#### EXERCISE
From the line containing "Pice de 5 francs" to the last line of the data, both included, transcribe each line exactly, leaving out pictures and adding nothing.

**** SUPPLIED ENTRIES

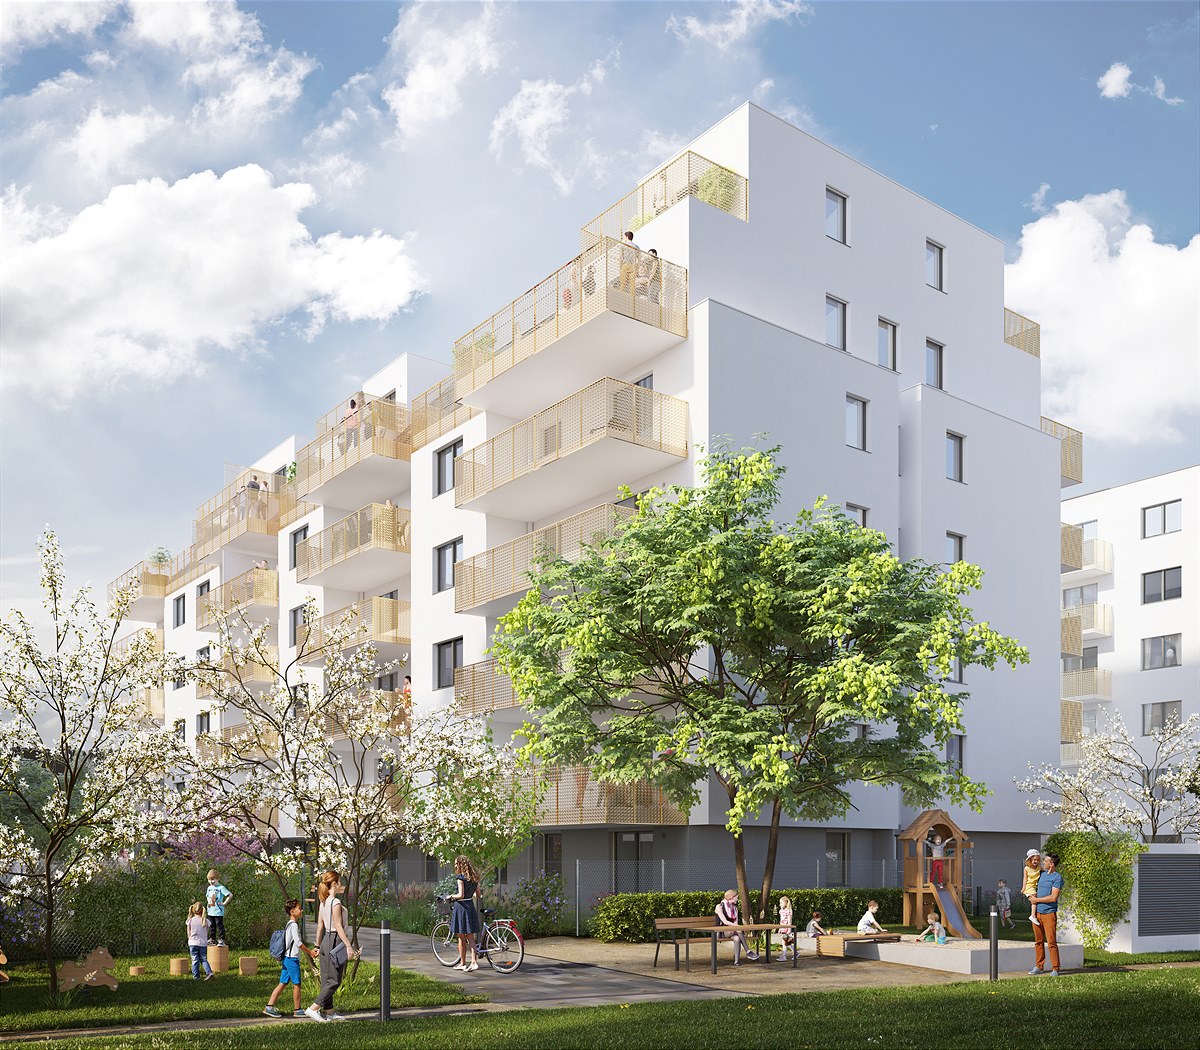 Das Wohnbauprojekt Grosses Glück setzt auf großflächige Aufdach-PV-Anlagen und üppige Begrünung
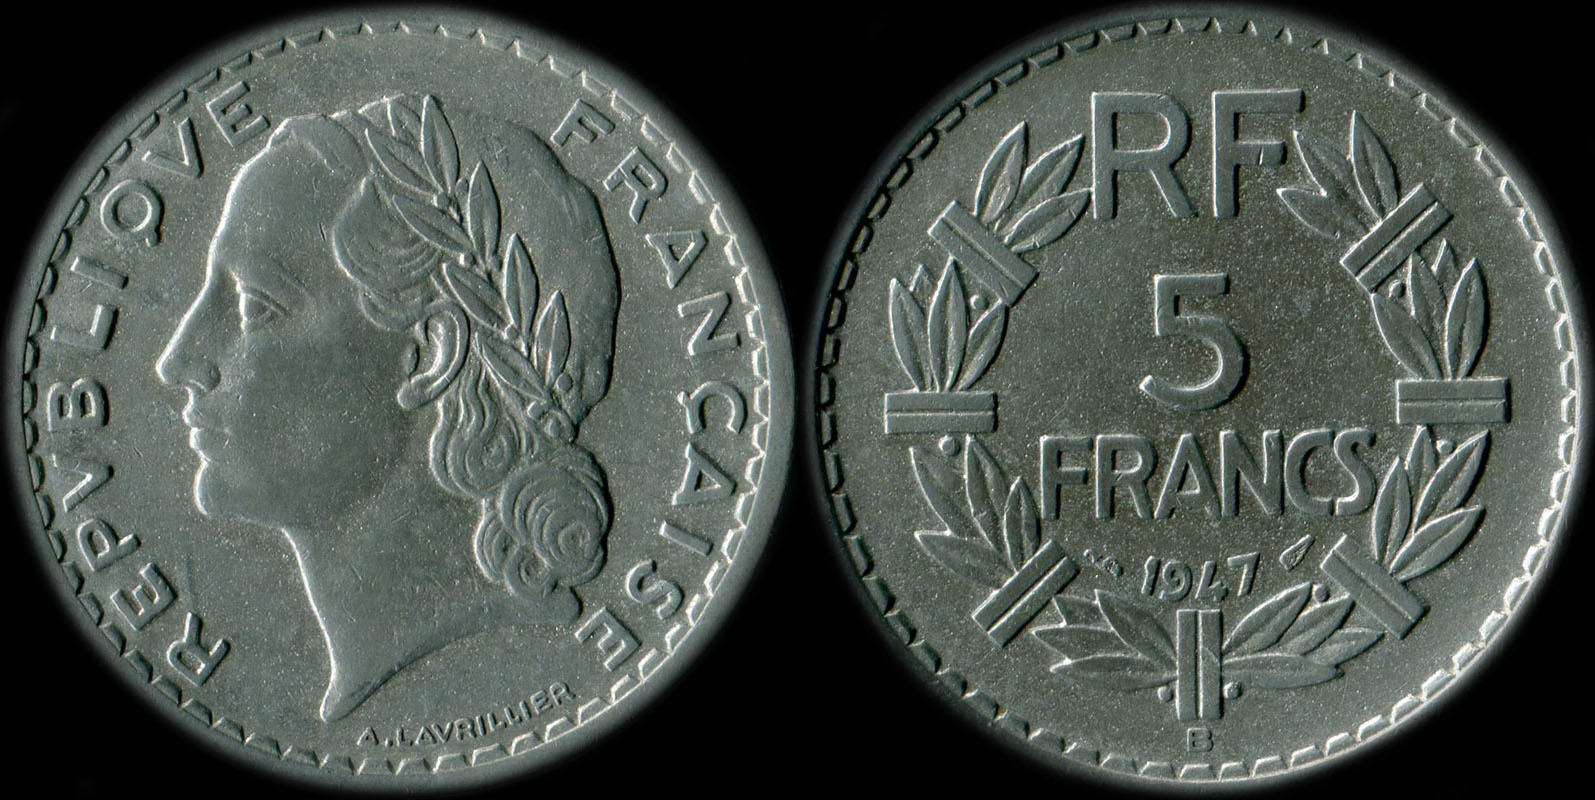 Pice de 5 francs Lavrillier 1947 aluminium avec 9 ouvert
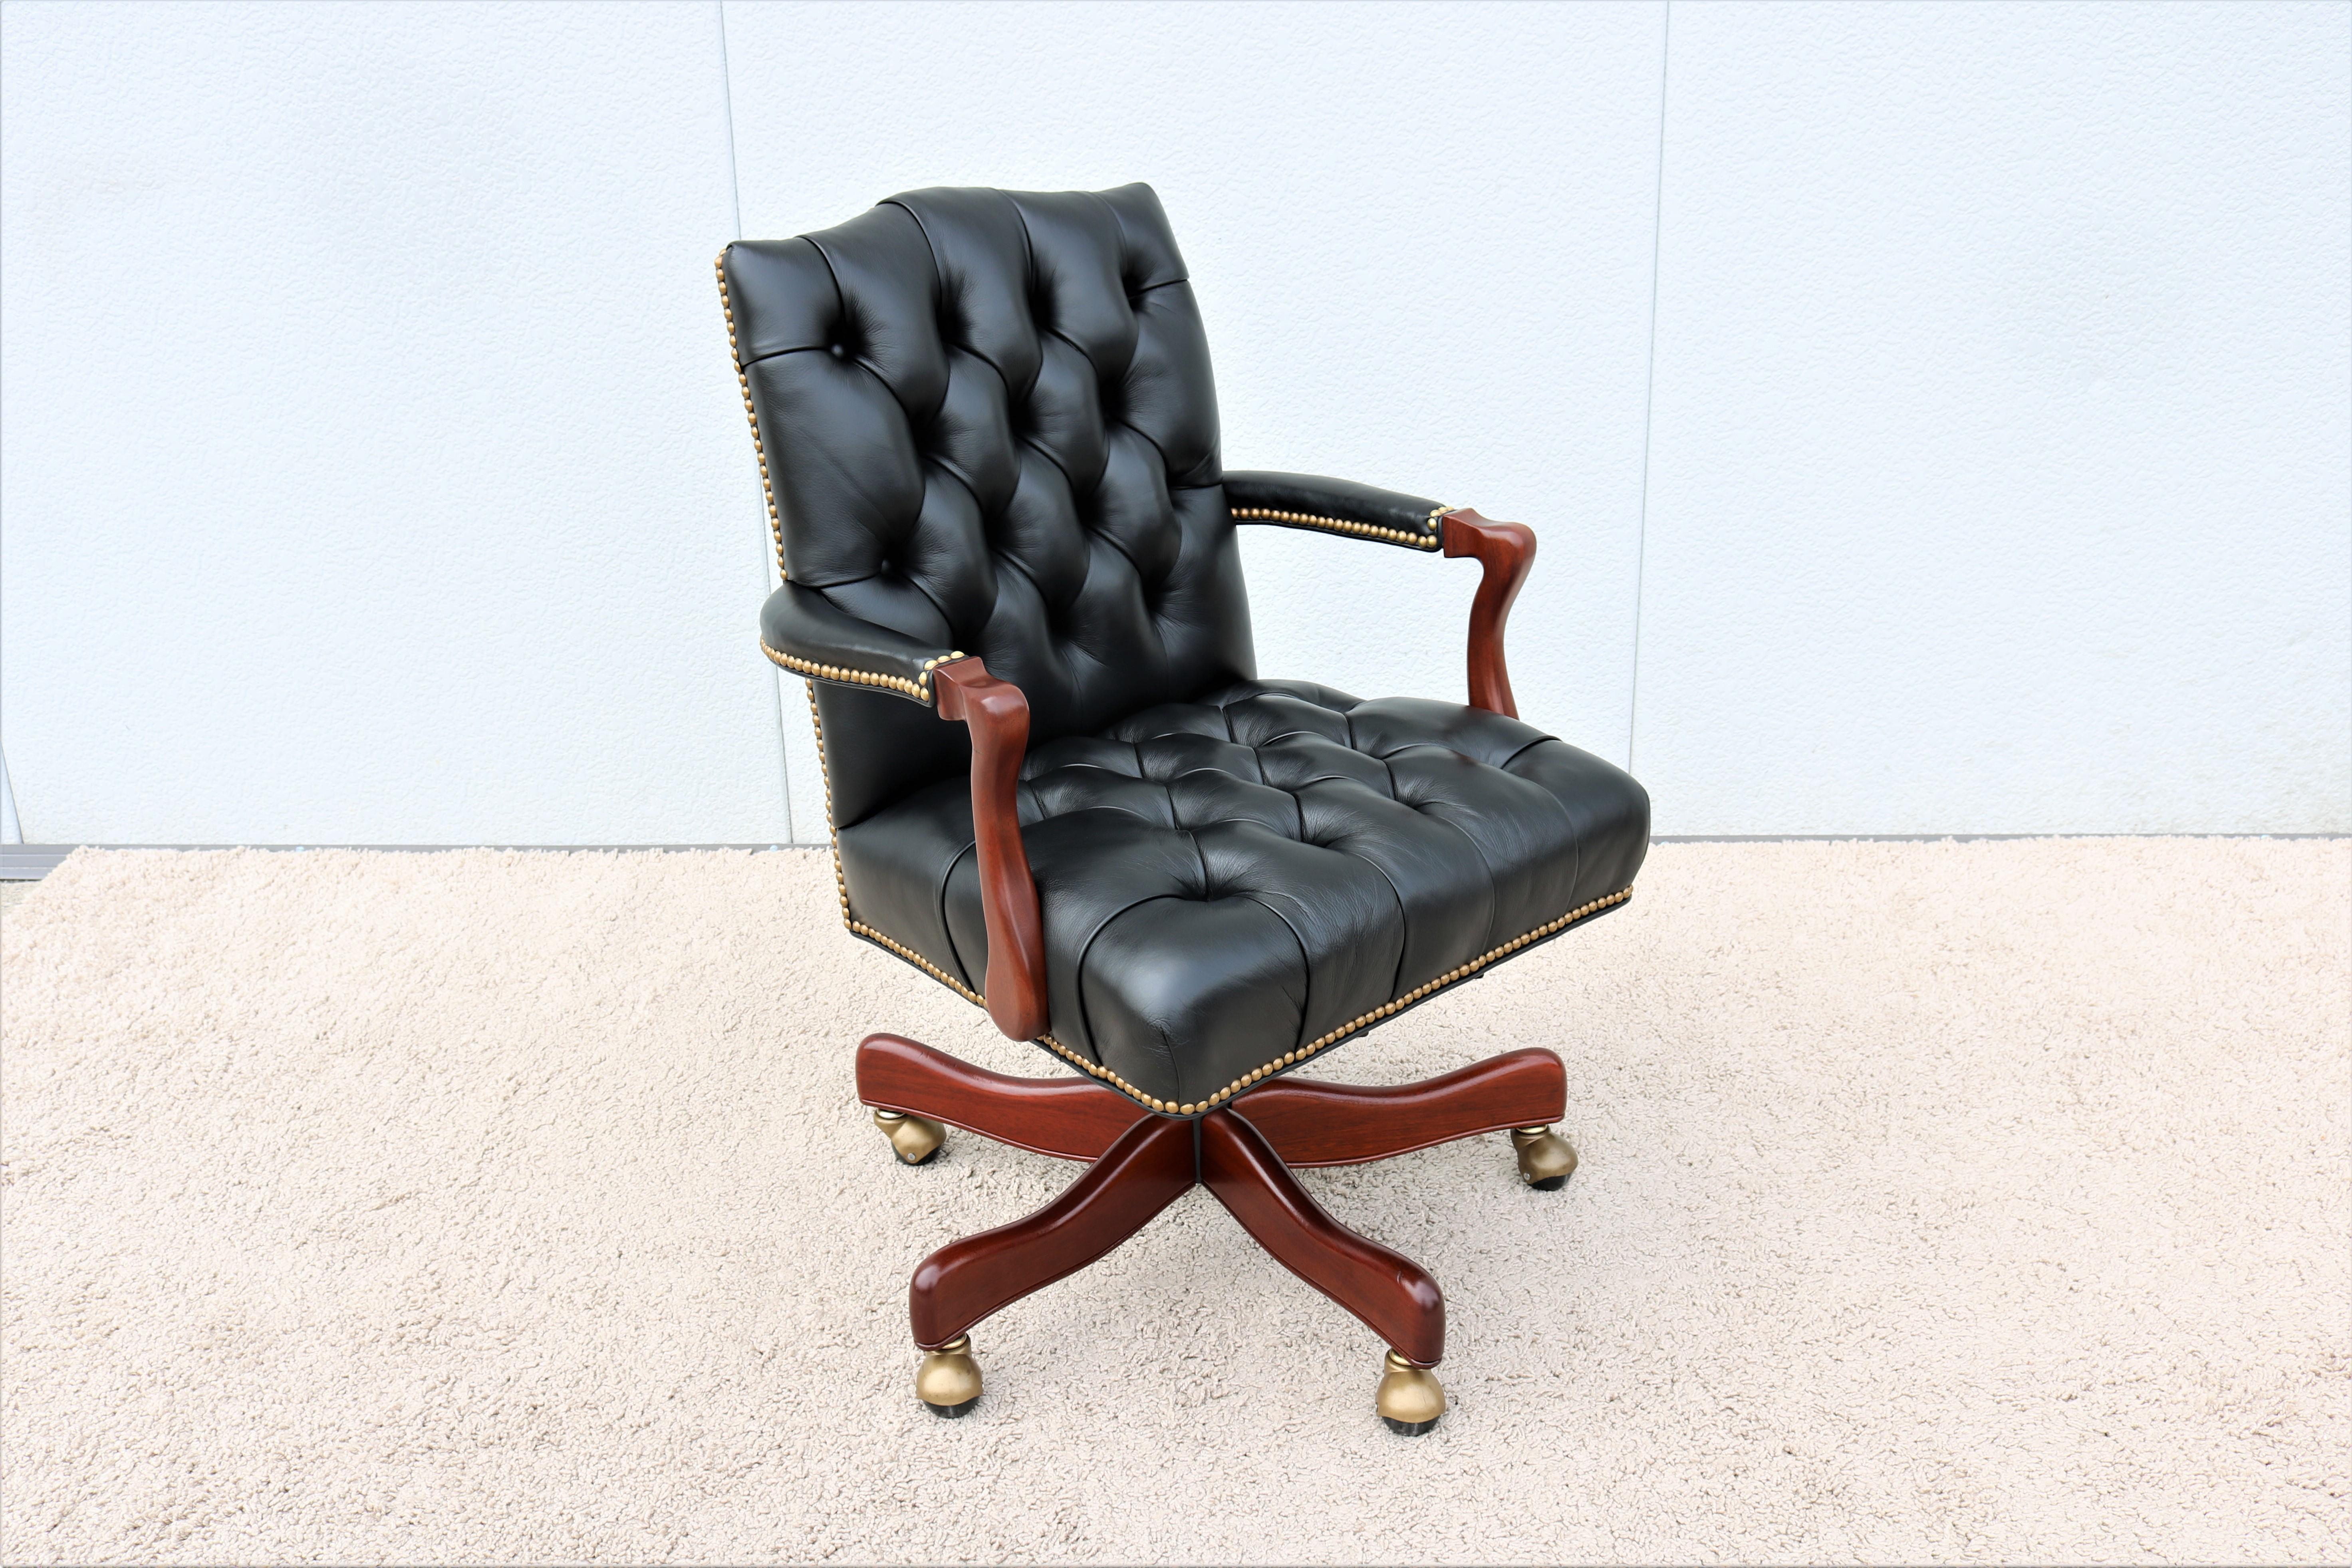 Fabuleux fauteuil de bureau de direction traditionnel Graham en cuir tufté à boutons profonds, pivotant et inclinable, par Cabot Wrenn. 
Un style classique, intemporel et luxueux inspiré du design des 18e et 19e siècles.
Magnifiquement fabriqué à la
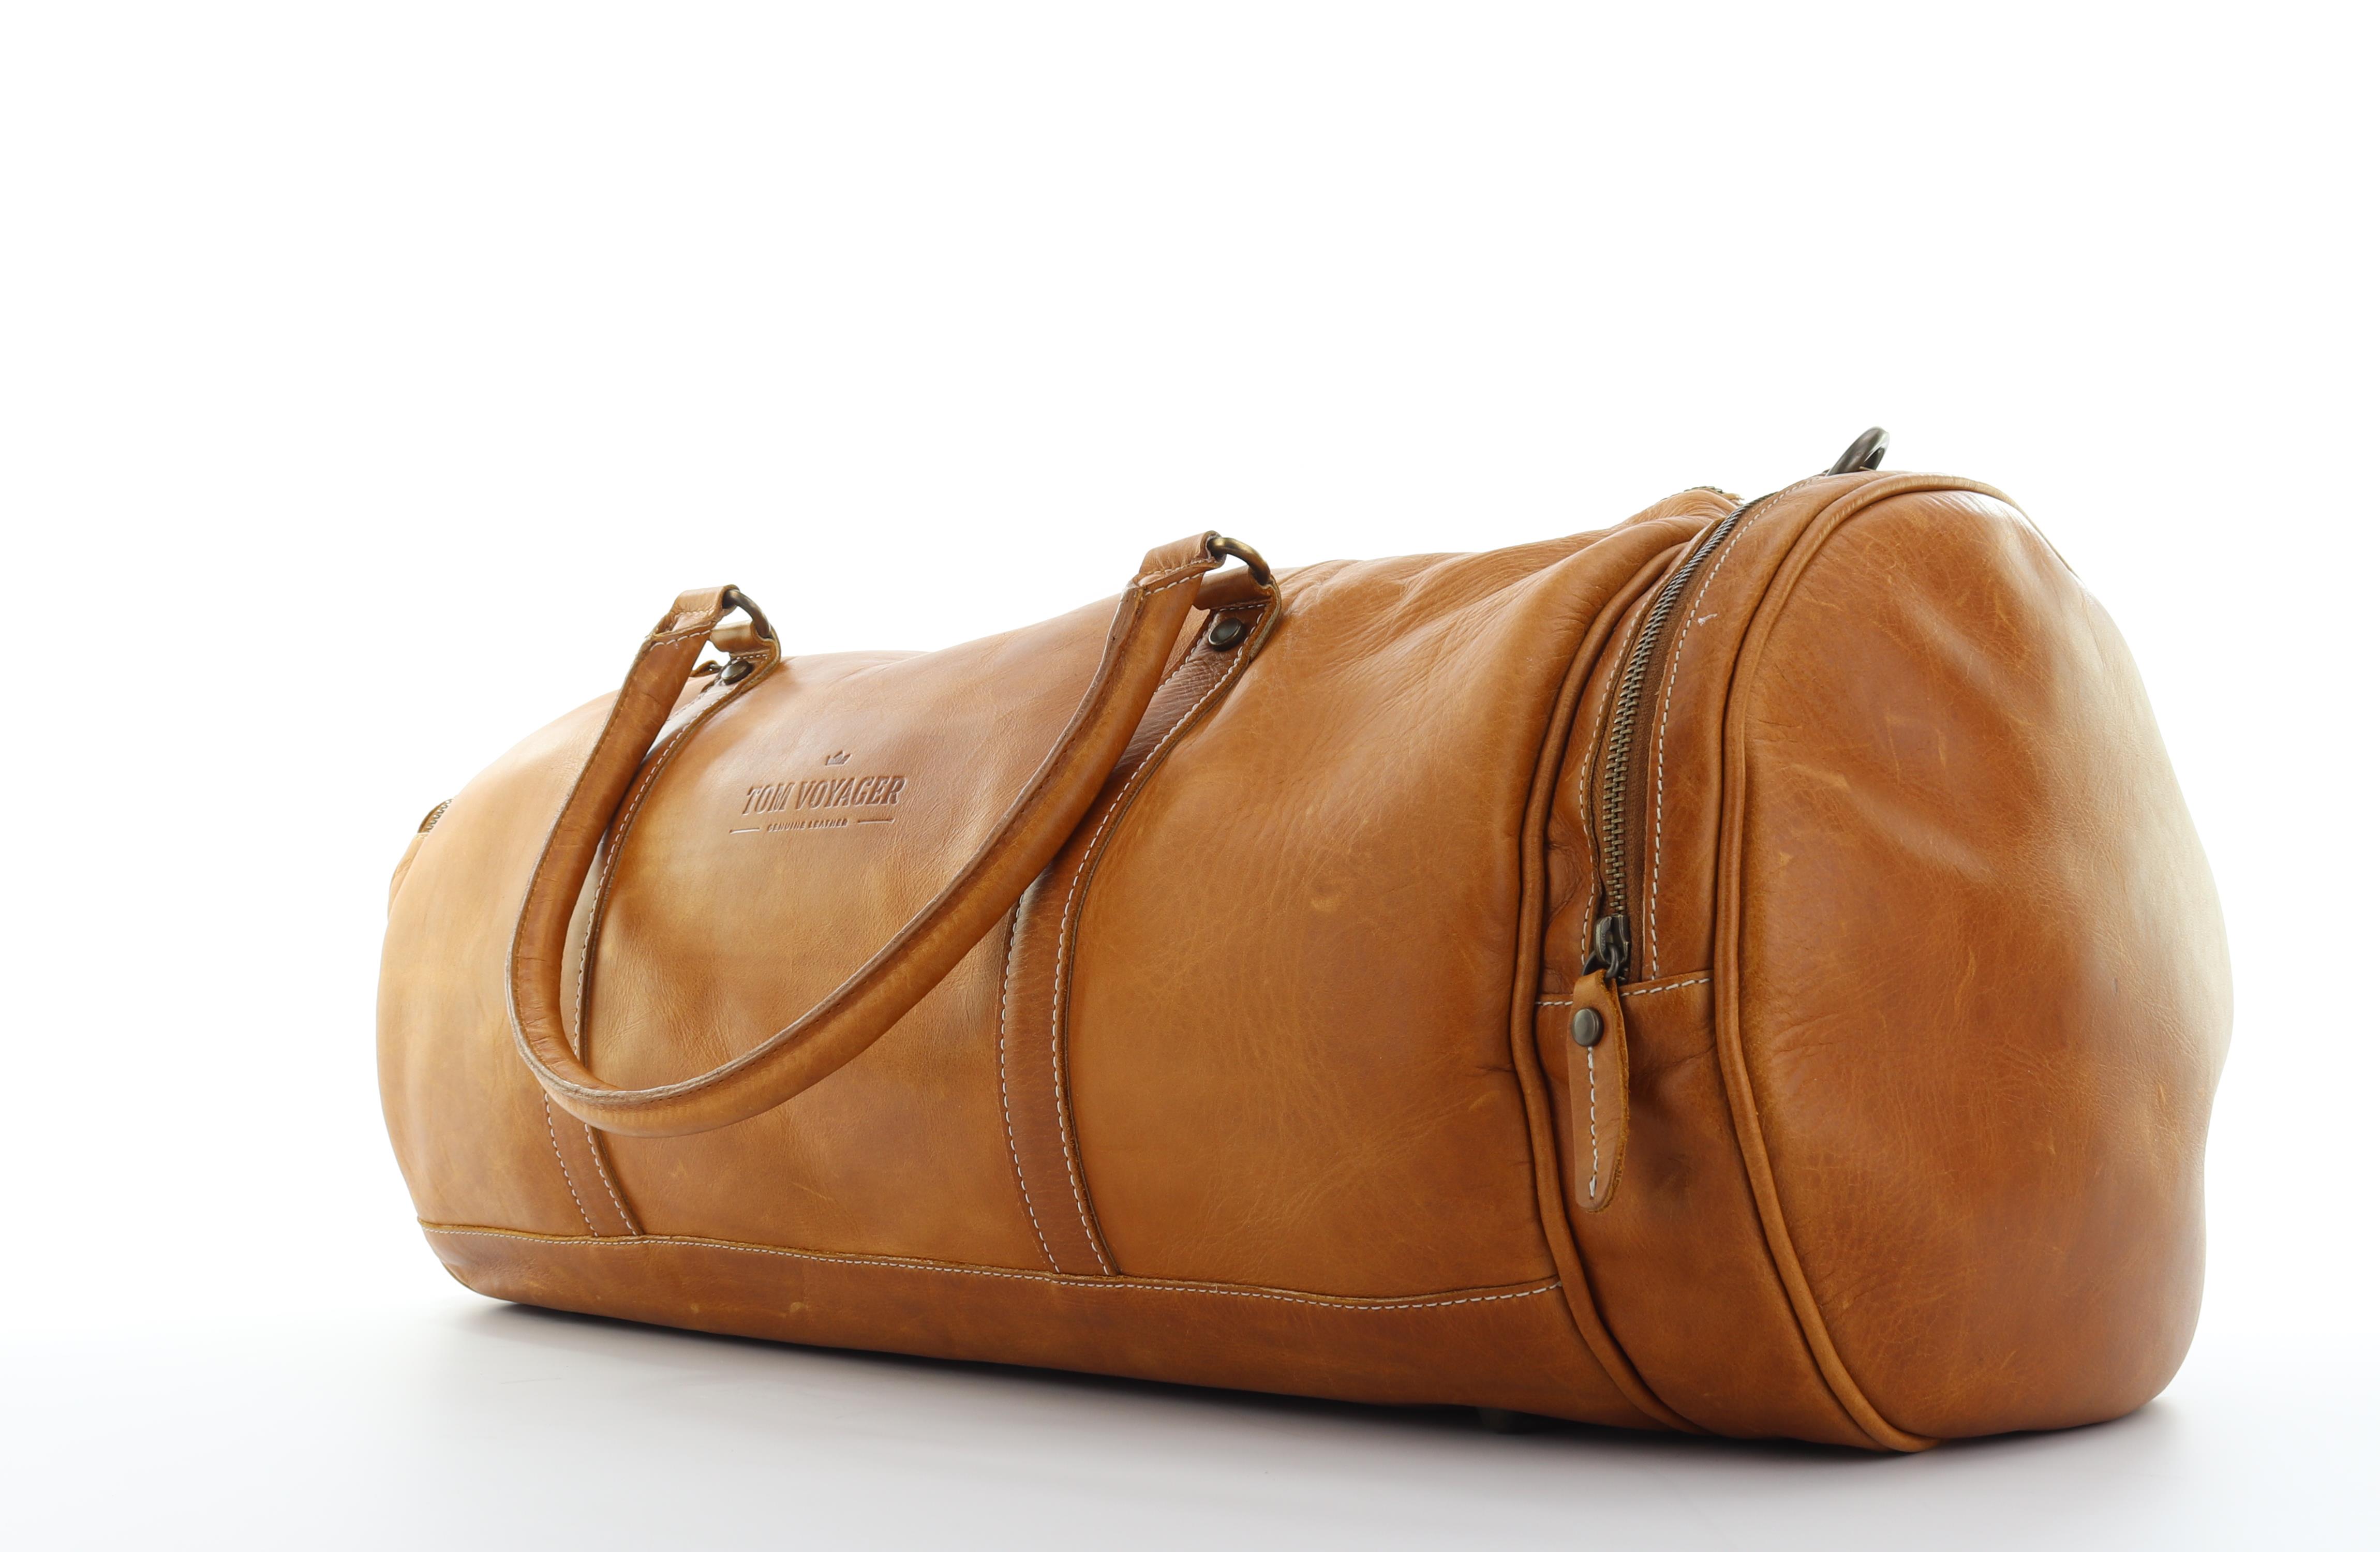 Duncan leather travel bag - light brown

********

#### SOLUTION TO THE EXERCISE
 Pice de 5 francs Lavrillier 1947 aluminium avec 9 ouvert
 Fabuleux fauteuil de bureau de direction traditionnel Graham en cuir tufté à boutons profonds, pivotant et inclinable, par Cabot Wrenn. 
Un style classique, intemporel et luxueux inspiré du design des 18e et 19e siècles.
Magnifiquement fabriqué à la
 Duncan leather travel bag - light brown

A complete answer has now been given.